Pay attention to the error messages, and install those libraries using yum
.
E.g., try installing tidyverse
may yield following errors
ERROR: dependencies ‘httr’, ‘rvest’, ‘xml2’ are not available for package ‘tidyverse’
* removing ‘/home/wonj/R/x86_64-redhat-linux-gnu-library/3.4/tidyverse’
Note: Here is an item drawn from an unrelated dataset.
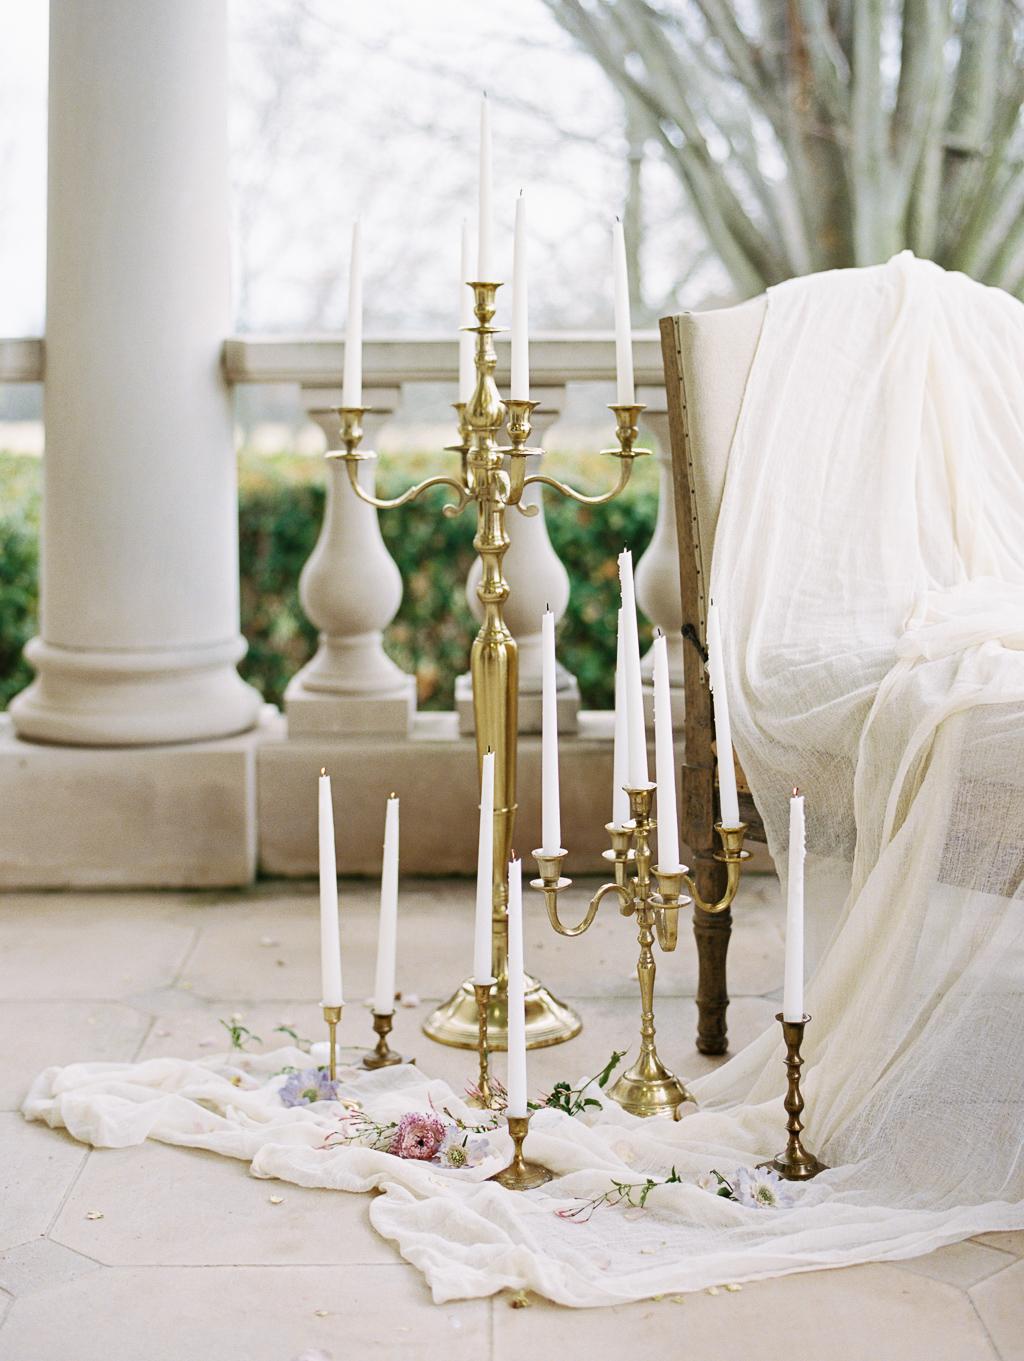 dc-wedding-planner-adriana-marie-events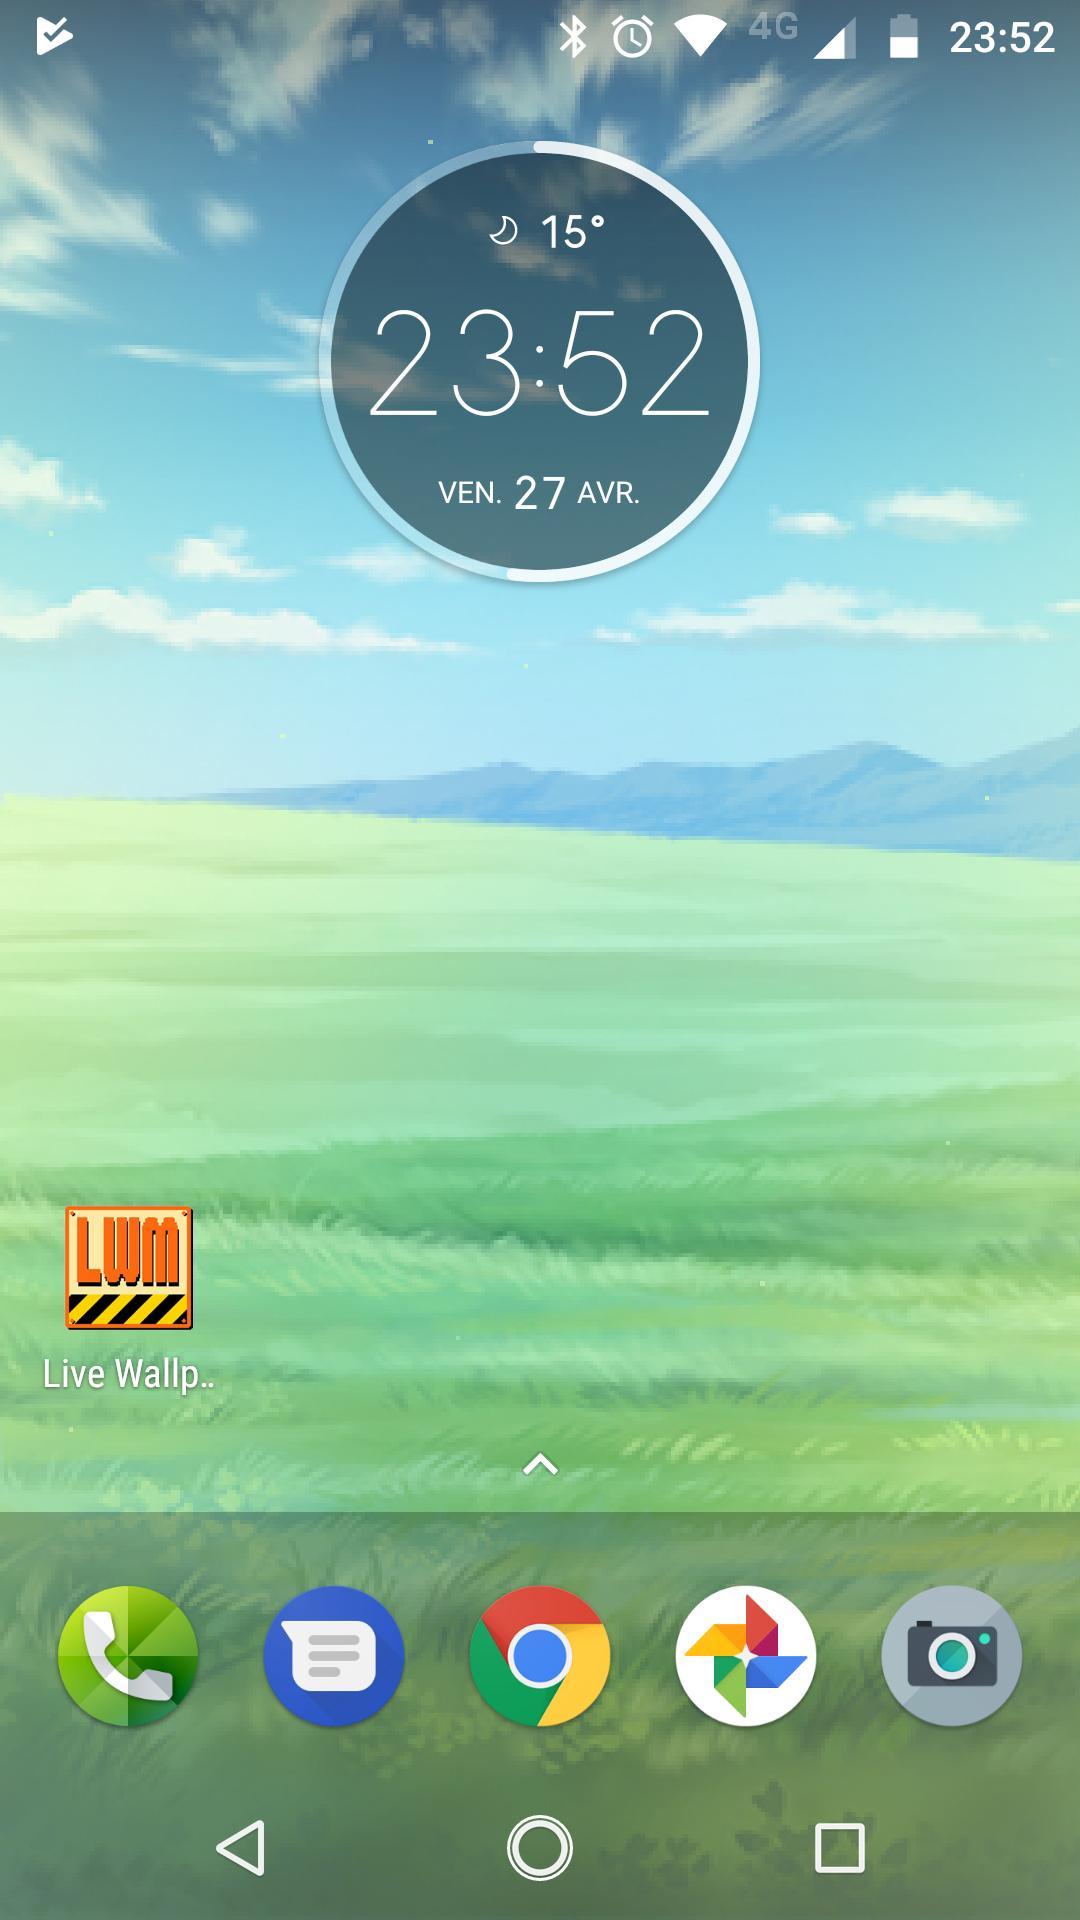 Live Wallpaper Maker for Android - APK Download

You can install these Linux dependencies curl
, openssl
, and libxml2
by:
sudo yum install curl curl-devel -y
sudo yum install openssl openssl-devel -y
sudo yum install libxml2 libxml2-devel -y
sudo yum install git -y
For smooth Gitting, you need to put the private key matching the public key in your GitHub account in the ~/.ssh
folder on the VM instance.
Now you can git clone
any repo to the VM instance to start working on a project. E.g.,
git clone https://github.com/snu-stat/stat326_621a-2018-hw2
Now you have R and R Studio on the VM instance.
Simpliest way to synchronize your project files across machines is Git, e.g.,
git clone https://github.com/snu-stat/stat326_621a-2018-hw2
Set up and run your jobs as usual.
You can check CPU usage on the GCP console.
You can set notification when CPU usage falls below a threshold (so you know the job is done).
Using cloud (AWS, Azure, GCP, …) is easy.
Easy to launch cluster instances or other heavily customized instances (SQL server, BigQuery, ML engine, Genomics, …).
Massive computing at your fingertips.